What is the Highest Place on Earth?:

Whenever the question is asked, what is the highest point on planet Earth?, people naturally assume that the answer is Mt. Everest. In fact, so embedded is the notion that Mt. Everest is the highest point on the world that most people wouldn't even think twice before answering. And even when we talk of other huge mountains in the Solar System (like Mars' Olympus Mons), we invariably compare them to Mt. Everest.







But in truth, Everest does not hold the record for being the highest point on Earth. Due to the nature of our planet - which is not shaped like a perfect sphere but an oblate spheroid (i.e. a sphere that bulges at the center) - points that are located along the equator are farther away than those located at the poles. When you factor this in, Everest and the Himalayas find themselves falling a bit short!

Earth as a Sphere:

The understanding that Earth is spherical is believed to have emerged during the 6th century BCE in ancient Greece. While Pythagoras is generally credited with this theory, it is equally likely that it emerged on its own as a result of travel between Greek settlements – where sailors noticed changes in what stars were visible at night based on differences in latitudes.







By the 3rd century BCE, the idea of a spherical Earth began to become articulated as a scientific matter. By measuring the angle cast by shadows in different geographical locations, Eratosthenes – a Greek astronomer from Hellenistic Libya (276–194 BCE) – was able to estimate Earth’s circumference within a 5% – 15% margin of error. With the rise of the Roman Empire and their adoption of Hellenistic astronomy, the view of a spherical Earth became widespread throughout the Mediterranean and Europe.
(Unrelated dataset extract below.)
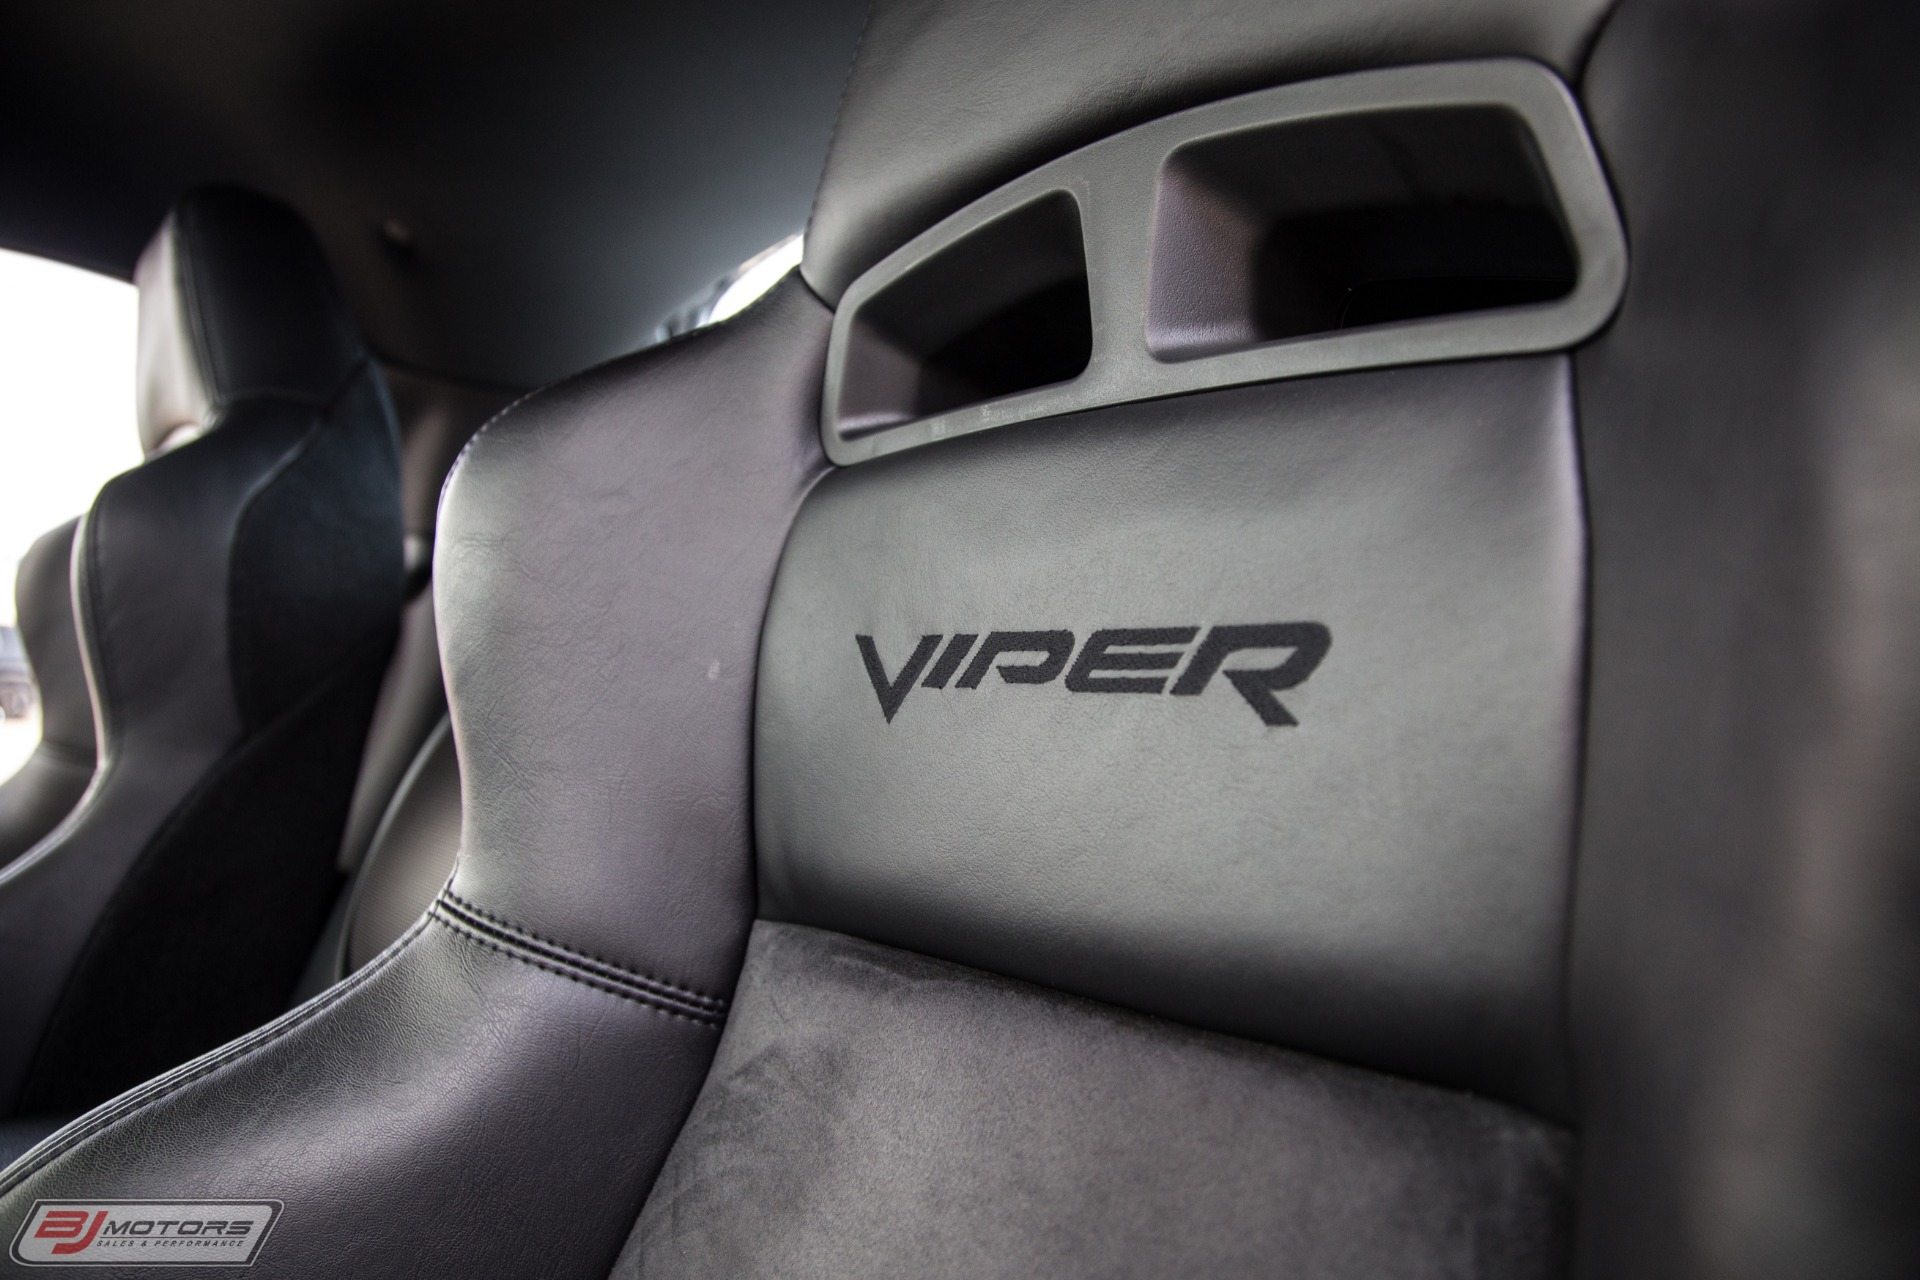 Used-2009-Dodge-Viper-ACR

This knowledge was preserved thanks to the monastic tradition and Scholasticism during the Middle Ages. By the Renaissance and the Scientific Revolution (mid 16th - late 18th centuries), the geological and heliocentric views of Earth became accepted as well. With the advent of modern astronomy, precise methods of measurement, and the ability to view Earth from space, our models of its true shape and dimensions have come to be refined considerably.

Modern Models of the Earth:

To clarify matters a little, the Earth is neither a perfect sphere, nor is it flat. Sorry Galileo, and sorry Flat-Earthers (not sorry!), but it's true. As already noted, it is an oblate spheroid, which is a result of the rotation of the Earth. Basically, its spin results in a flattening at the poles and a bulging at its equatorial. This is true for many bodies in the Solar System (such as Jupiter and Saturn) and even rapidly-spinning stars like Altair.
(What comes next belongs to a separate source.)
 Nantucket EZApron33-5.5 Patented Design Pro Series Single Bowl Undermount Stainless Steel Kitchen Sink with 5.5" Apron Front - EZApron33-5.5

Based on some of the latest measurements, it is estimated that Earth has a polar radius (i.e. from the middle of Earth to the poles) of 6,356.8 km, whereas its equatorial radius (from the center to the equator) is 6,378.1 km. In short, objects located along the equator are 22 km further away from the center of the Earth (geocenter) than objects located at the poles.
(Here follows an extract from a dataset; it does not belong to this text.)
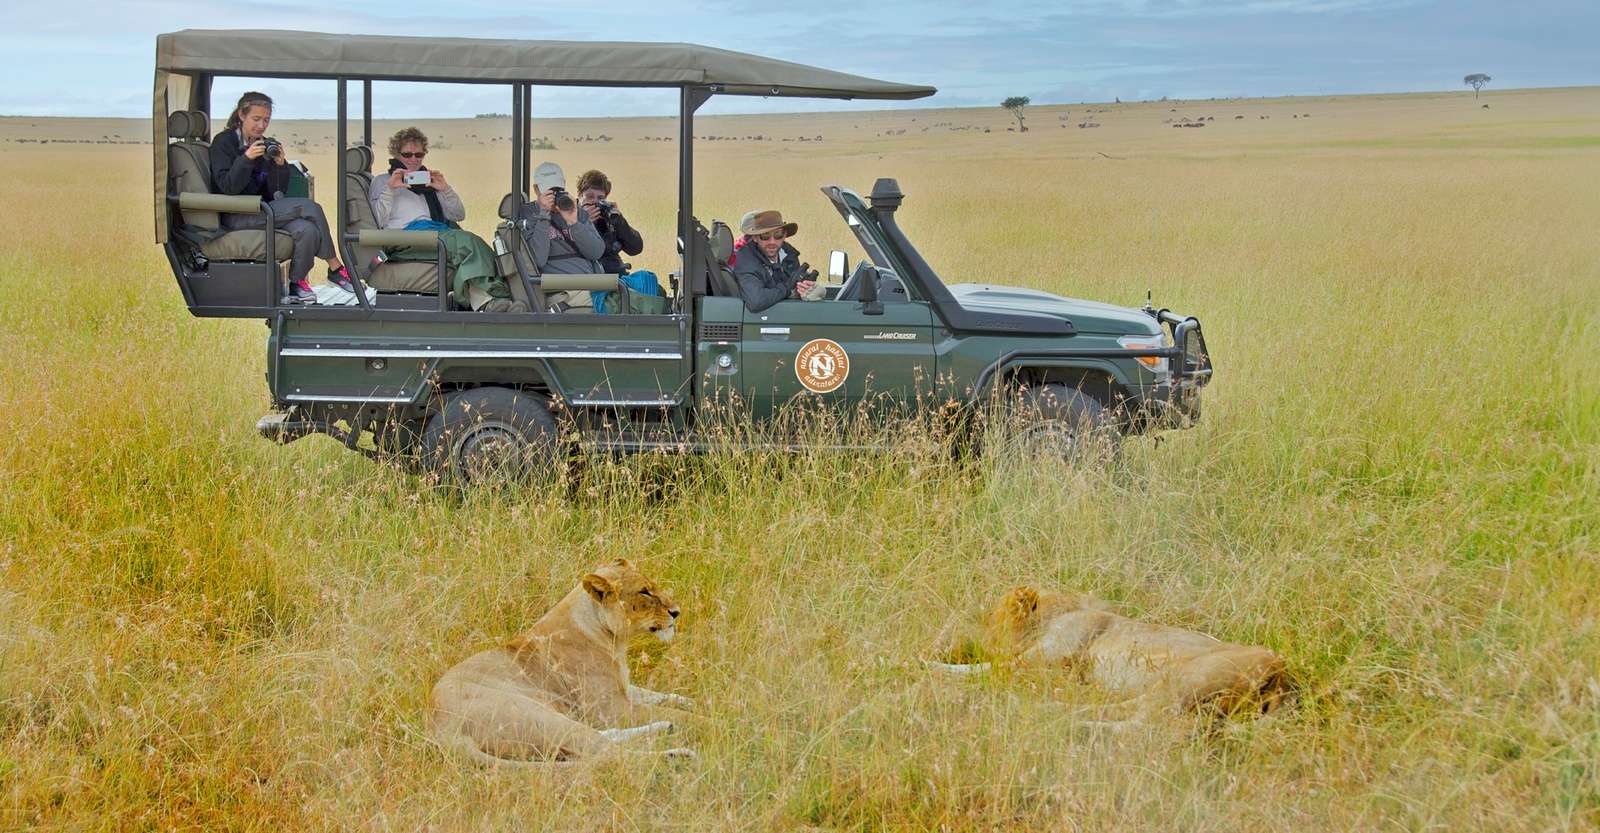 Lions and Nat Hab guests, Maasai Mara National Reserve, Kenya.

Naturally, there are some deviations in the local topography where objects located away from the equator are closer or father away from the center of the Earth than others in the same region. The most notable exceptions are the Mariana Trench - the deepest place on Earth, at 10,911 m (35,797 ft) below local sea level - and Mt. Everest, which is 8,848 meters (29,029 ft) above local sea level. However, these two geological features represent a very minor variation when compared to Earth's overall shape - 0.17% and 0.14% respectively.

Highest Point on Earth:

To be fair, Mt. Everest is one of the highest points on Earth, with its peak ascending to an altitude of 8,848 meters (29,029 ft) above sea level. However, due to its location within the Himalayan Mountain Chain in Nepal, some 27° and 59 minutes north of the equator, it is actually lower than mountains located in Ecuador.



It is here, where the land is dominated by the Andes mountain chain, that the highest point on planet Earth is located. Known as Mt. Chiborazo, the peak of this mountain reaches an attitude of 6,263.47 meters (20,549.54 ft) above sea level. But because it is located just 1° and 28 minutes south of the equator (at the highest point of the planet's bulge), it receives a natural boost of about 21 km.







In terms of how far they are from the geocenter, Everest lies at a distance of 6,382 kilometers (3,965 miles) from the center of the Earth while Chimborazo reaches to a distance of 6,384 kilometers (3,967 miles). That's a difference of about 3.2 km (2 miles), which may not seem like much. But if we're talking about rankings and titles, it pays to be specific!



Naturally, there are those who would stress that Mt. Everest is still the tallest mountain, measured from base to peak. Unfortunately, here too, they would be incorrect. That prize goes to Mauna Kea, a dormant volcano located on the island of Hawaii. Measuring 10,206 meters (33,484 ft) from base to summit, it is the highest mountain in the world. However, since its base is several thousand meters below seat level, we only see the top 4,207 m (13,802 ft) of it.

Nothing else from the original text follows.